The ECN No Name Newsletter is no longer being published. This is an archived issue.
[previous article] [next article]Large programs are often called "Number Crunchers" because they use the computer to do calculations that would be very tedious if done by hand. Most ECN sites have designated their Gould machines to be their "number crunching" machine. However, there are some limitations, due to the fact that these machines are also used to support the undergrad users.
Sometimes people need to run the same program repeatedly because they are trying different variations with their data. If one person fires off 10 number cruncher jobs, they could drag the whole machine down. The Gould CPUs have a program built into the kernel that compensates for what are fondly called "hogs". Most ECN machines are run with the policy of "a maximum of 2 number crunchers can be run simultaneously." The Gould processor looks at who is running the job and swaps between the large jobs. When you type "uptime", it basically reflects on the number of crunchers in the queue, plus a few heavy "vi" sessions can equal the effect of a number cruncher.

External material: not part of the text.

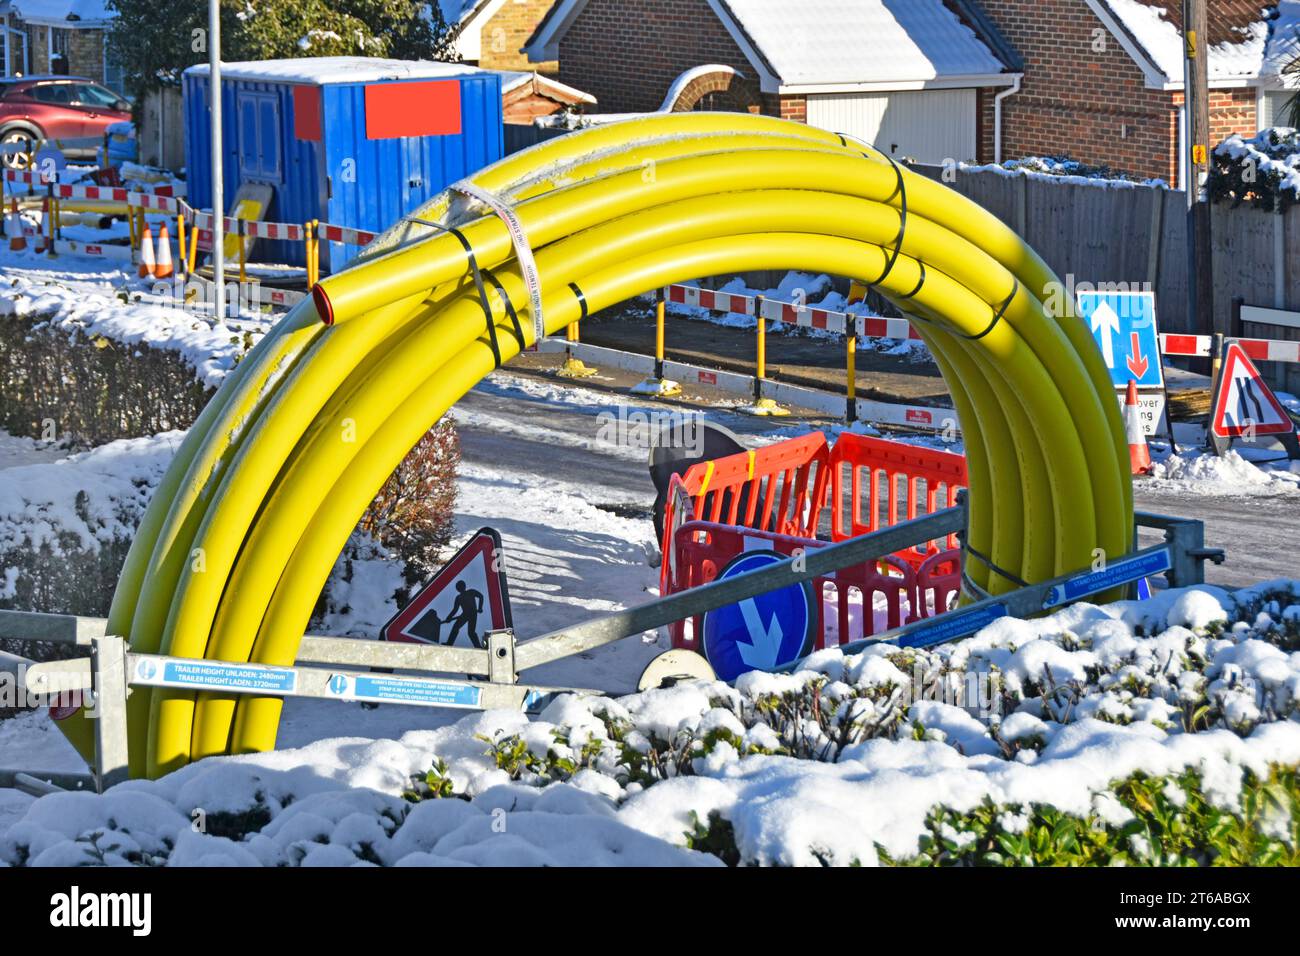 La neve invernale e le strade ghiacciate chiudono i lavori stradali in un villaggio residenziale, il grande tubo principale a spirale del gas giallo, in sostituzione della ghisa Essex England UK, che invecchia Foto Stock

So, when you type "ps -axuR" to see the crunchers, the number of lines of information reported should be close to the load average reported from uptime.
USER PID PR %CPU %MEM SZ RSS TT STAT TIME COMMAND badhog 20127 34.6 0.3 247 80 q4 R 5:38 run badhog 20140 34.6 0.3 247 80 q4 R 9:28 run2 whitley 23127 34.3 0.2 139 65 pf R 9:57 a.run bigfoot 18127 33.8 1.2 9800 357 pb R N 39:24 RMREX.10M clarkst 2750 79.1 0.0 0.2 47 52 R 10:00 ps -axuR
Assuming the users from the above table are using a Gould (EI, EN, CN, GN, or MN) swapping would be as follows:
badhog's run, whitley's a.run, bigfoot's RMREX.10M, badhog's run2, whitley's a.run, bigfoot's RMREX.10M, etc.
Under this swap arrangement, the "badhog" jobs would take longer to run simultaneously than they would have if they were fired off serially. This way the affect on the other machine users is minimized. Sometimes people fire off jobs on a protected terminal and go home, leaving themselves logged in, so that they can obtain timed results. The same thing can be done with a shell script, if the output is captured into a file:
$ fort. temp.f [compile the FORTRAN program] $ mv a.out RUN [rename the executable as "RUN"] $ ex timeit [ edit a file called "timeit"] :a time RUN . :wq $ chmod +x timeit [make "timeit" executable]
CAPTURE THE OUTPUT in the file err:
Bourne Shell C Shell
$timeit > err 2>&1 & % timeit >& err &
$ cat err
-- has all standard output, screen stuff --
You could use the shell script timeit to run multiple jobs like this:
$ ex timeit
: a
date >> err
echo "run 1" >> err
time a.out < input1 > output1
echo "run 2" >> err
time a.out < input2 > output2
echo "run 3" >> err
time a.out < input3 > output1
echo "all done" >> err
date >> err
: wq
$ chmod +x timeit
$ touch err (to make sure the file exists,
BECAUSE if you are using "no clobber" then
you can't append (>>) to a non-existent file!)
Bourne Shell C Shell
$timeit >> err 2>&1 % timeit >>& err
--OR--
$timeit >> err 2>&1 & % timeit >>& err &
If you are running /bin/csh, then you can logout. The "time" information will be captured in the file err as well as the date, and items echoed in the timeit command. Make sure that you always use the append (>>) to add to an existing file, because ">" writes over existing files.
NOTE: The "time" function is different in the Bourne Shell ($) than it is in C Shell (%). A shell script can be set to run a certain shell by the first line in the shell script.
Bourne Shell C Shell #!/bin/sh #!/bin/csh more commands more commands
Also note that if you are a C Shell user and the job takes more than 1 CPU hour to run, you will need to use the limit cputime u or unlimit command to insure that the job finishes. These commands should be used carefully. If all your jobs have unlimited time allowed on the computer, it is your responsibility to kill off runaway jobs.